Pekka Hämäläinen is the Rhodes Professor of American History at Oxford University. A specialist in early American, Native American, borderlands and environmental history, he is the author of THE COMANCHE EMPIRE (2008), which won multiple awards, including the Bancroft Prize, the Merle Curti Award, the Norris and Hundley Award, the William P. Clements Prize and the Caughey Western History Association Prize. His writings have appeared in the American Historical Review, the Journal of American History, History and Theory, the William and Mary Quarterly and the Western Historical Quarterly. He is currently working on a project on nomadic empires in world history, which is funded by the European Research Council. His new book, IKTÓMI'S PEOPLE: THE LAKOTA AGE IN AMERICA, will be published by Yale University Press in 2019.

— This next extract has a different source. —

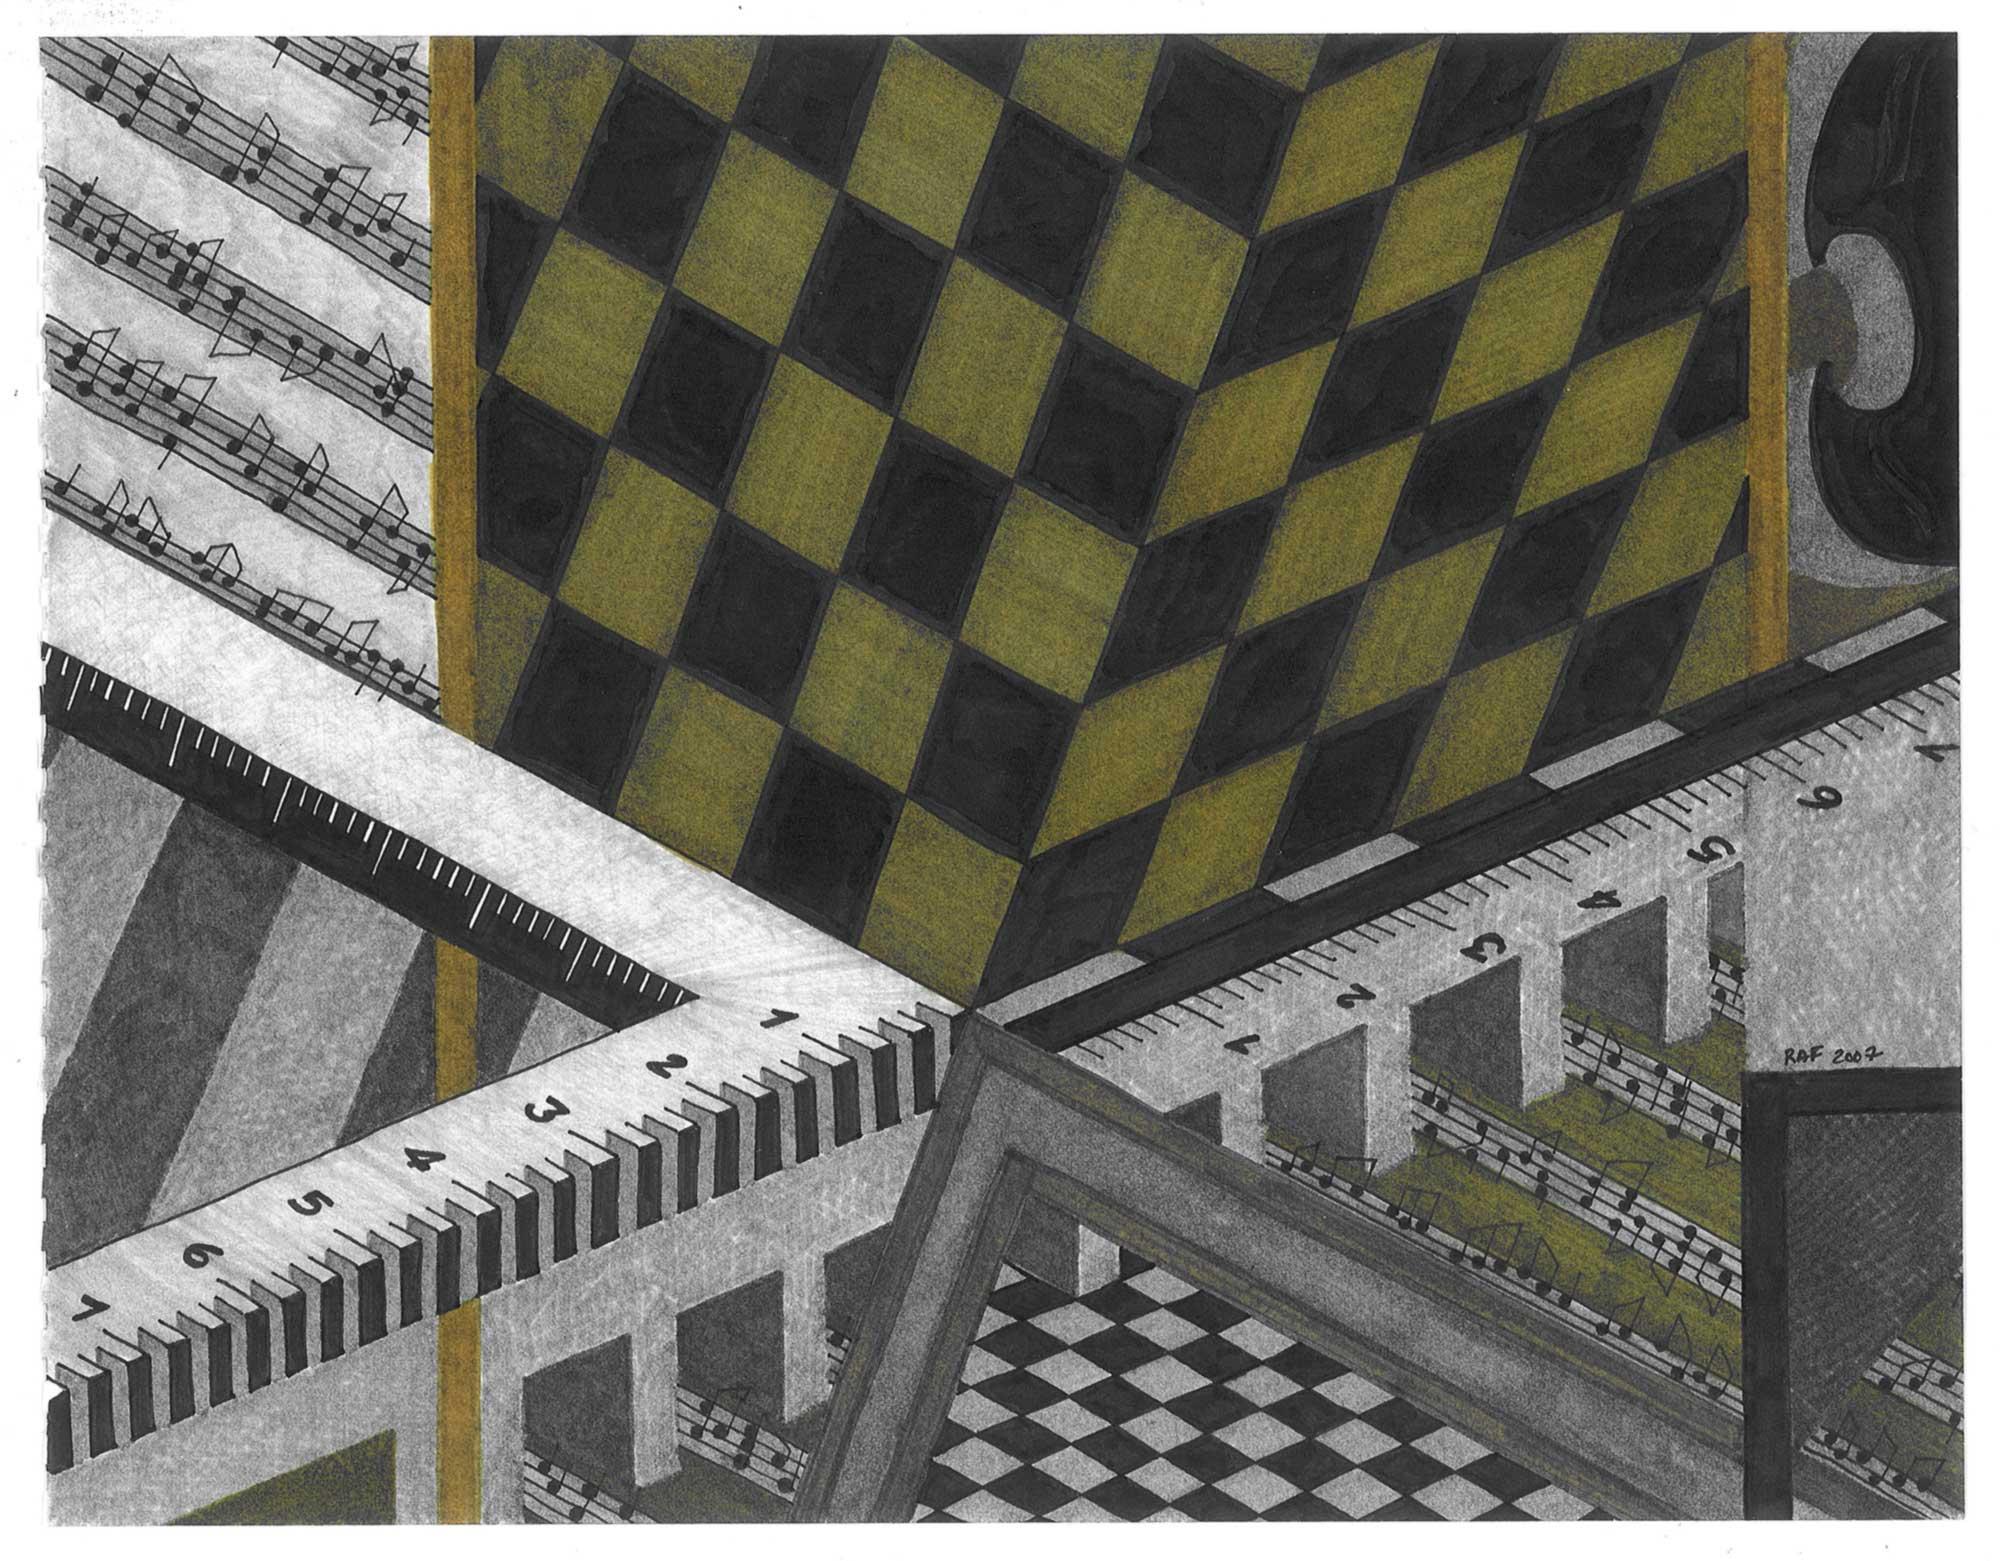 Chemin de fer, dessin, Raf Listowski, 2007
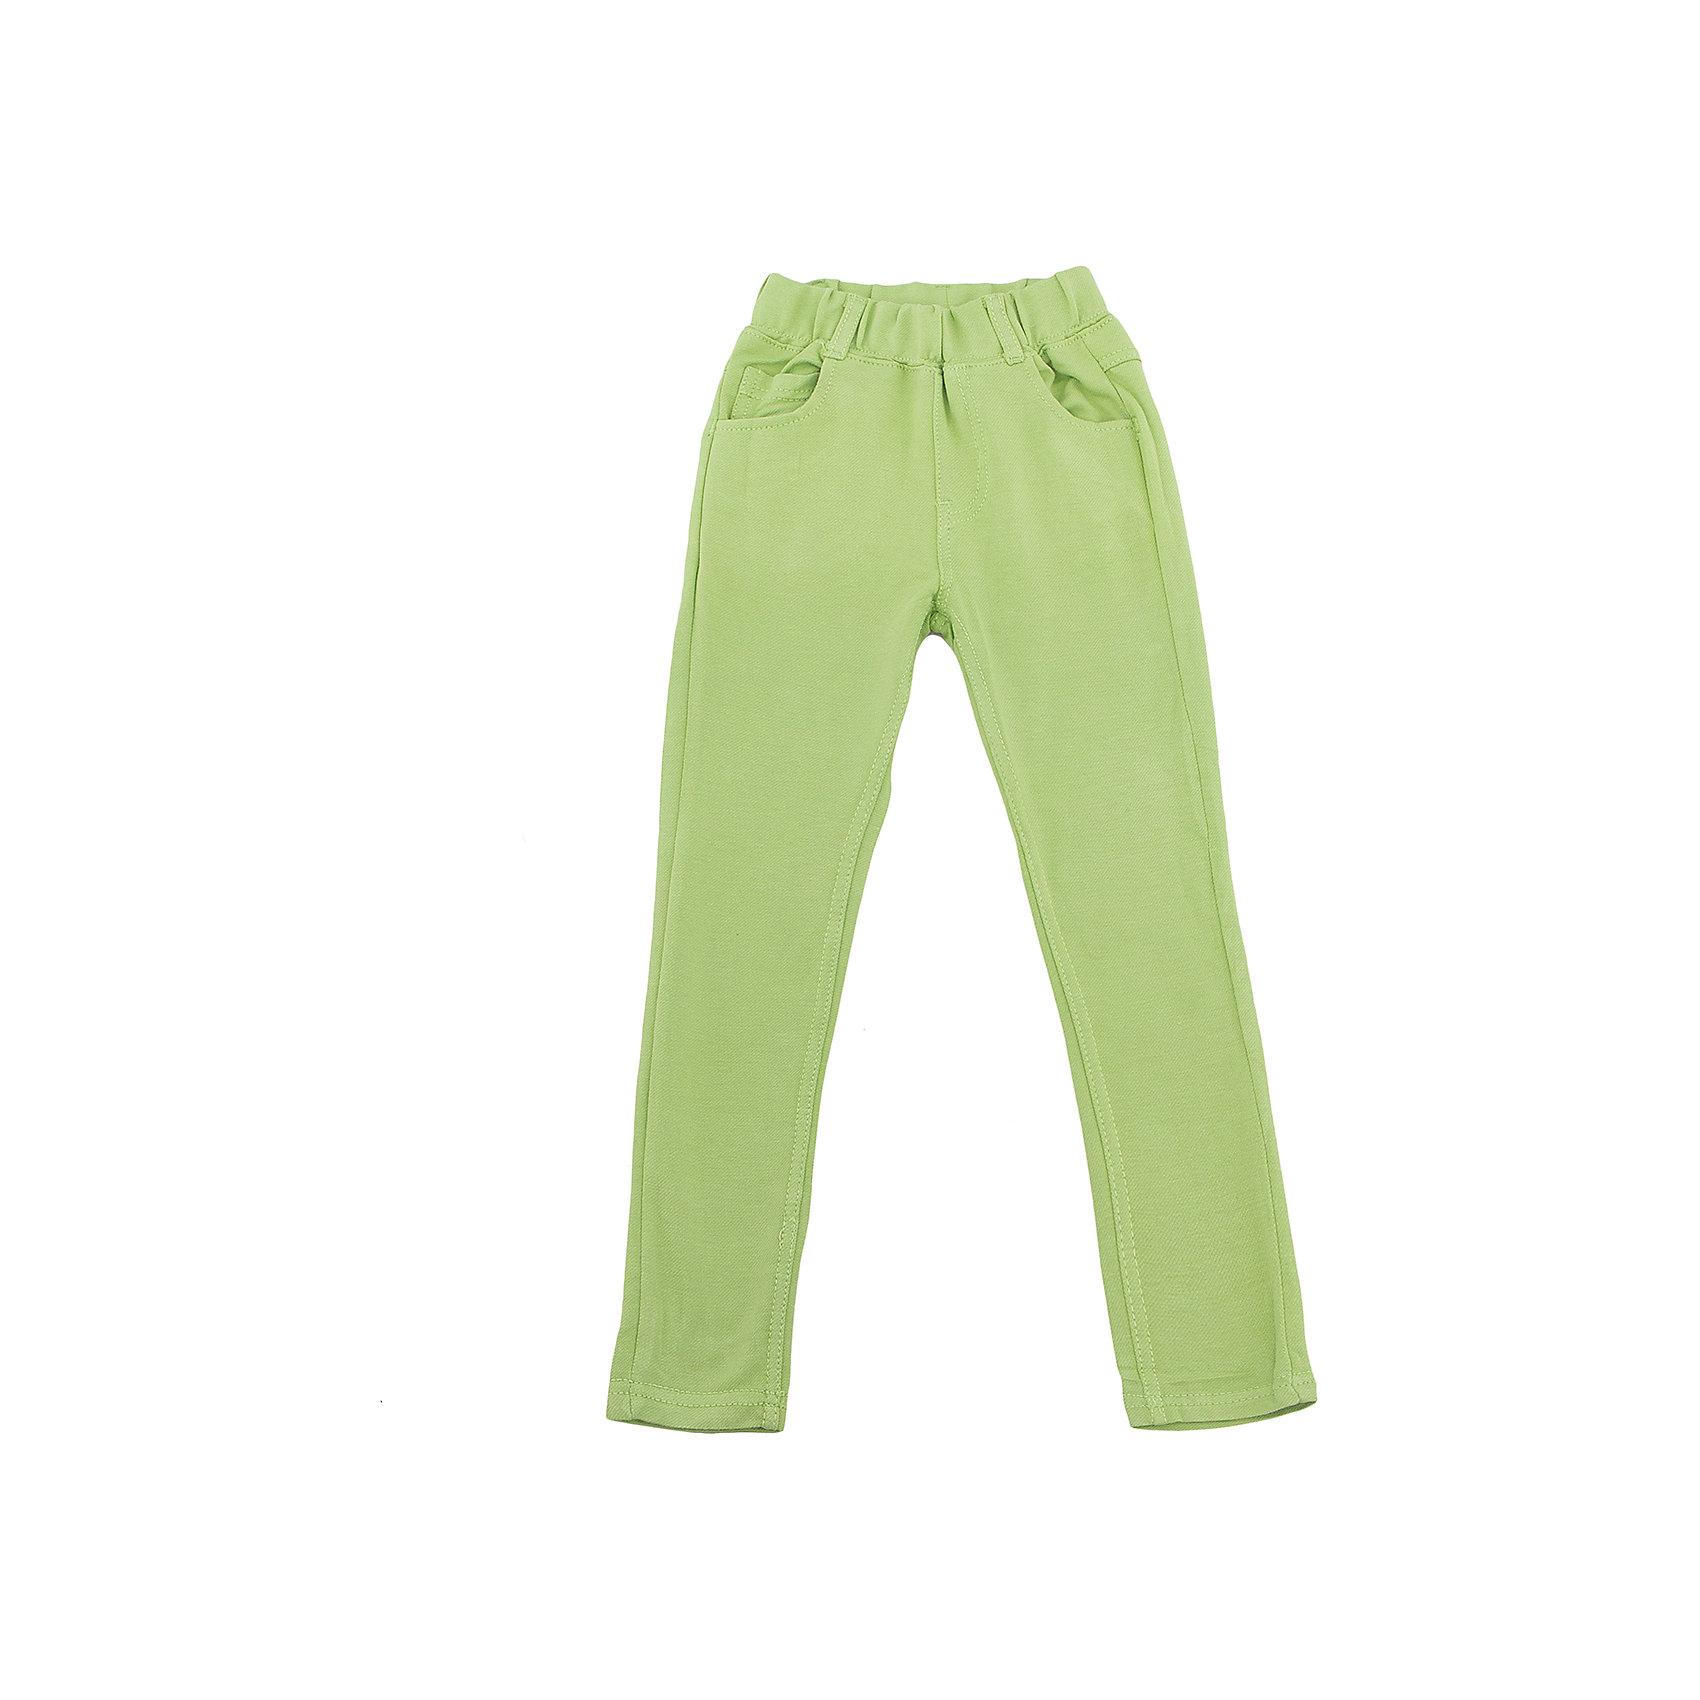 Леггинсы для девочки Sweet BerryТрикотажные брюки-джеггинсыдля девочки. Модель зауженного кроя. Два накладных кармана сзади.<br>Состав:<br>95%хлопок 5%эластан<br><br>Ширина мм: 123<br>Глубина мм: 10<br>Высота мм: 149<br>Вес г: 209<br>Цвет: зеленый<br>Возраст от месяцев: 36<br>Возраст до месяцев: 48<br>Пол: Женский<br>Возраст: Детский<br>Размер: 104,98,110,116,122,128<br>SKU: 5410080

A specialist in early national social history, Paul E. Johnson is the author of THE EARLY AMERICAN REPUBLIC, 1789 – 1829 (2006); SAM PATCH, THE FAMOUS JUMPER (2003); and A SHOPKEEPER'S MILLENNIUM: SOCIETY AND REVIVALS IN ROCHESTER, NEW YORK, 1815 – 1837, 25th Anniversary Edition (2004). In addition, he is coauthor (with Sean Wilentz) of THE KINGDOM OF MATTHIAS: SEX AND SALVATION IN 19TH-CENTURY AMERICA (1994) and is editor of AFRICAN-AMERICAN CHRISTIANITY: ESSAYS IN HISTORY (1994). He was awarded the Merle Curti Prize of the Organization of American Historians (1980), the Richard P. McCormack Prize of the New Jersey Historical Association (1989), and fellowships from the National Endowment for the Humanities (1985 – 1986), the John Simon Guggenheim Foundation (1995), the Gilder Lehrman Institute (2001) and the National Endowment for the Humanities We the People Fellowship (2006 – 2007).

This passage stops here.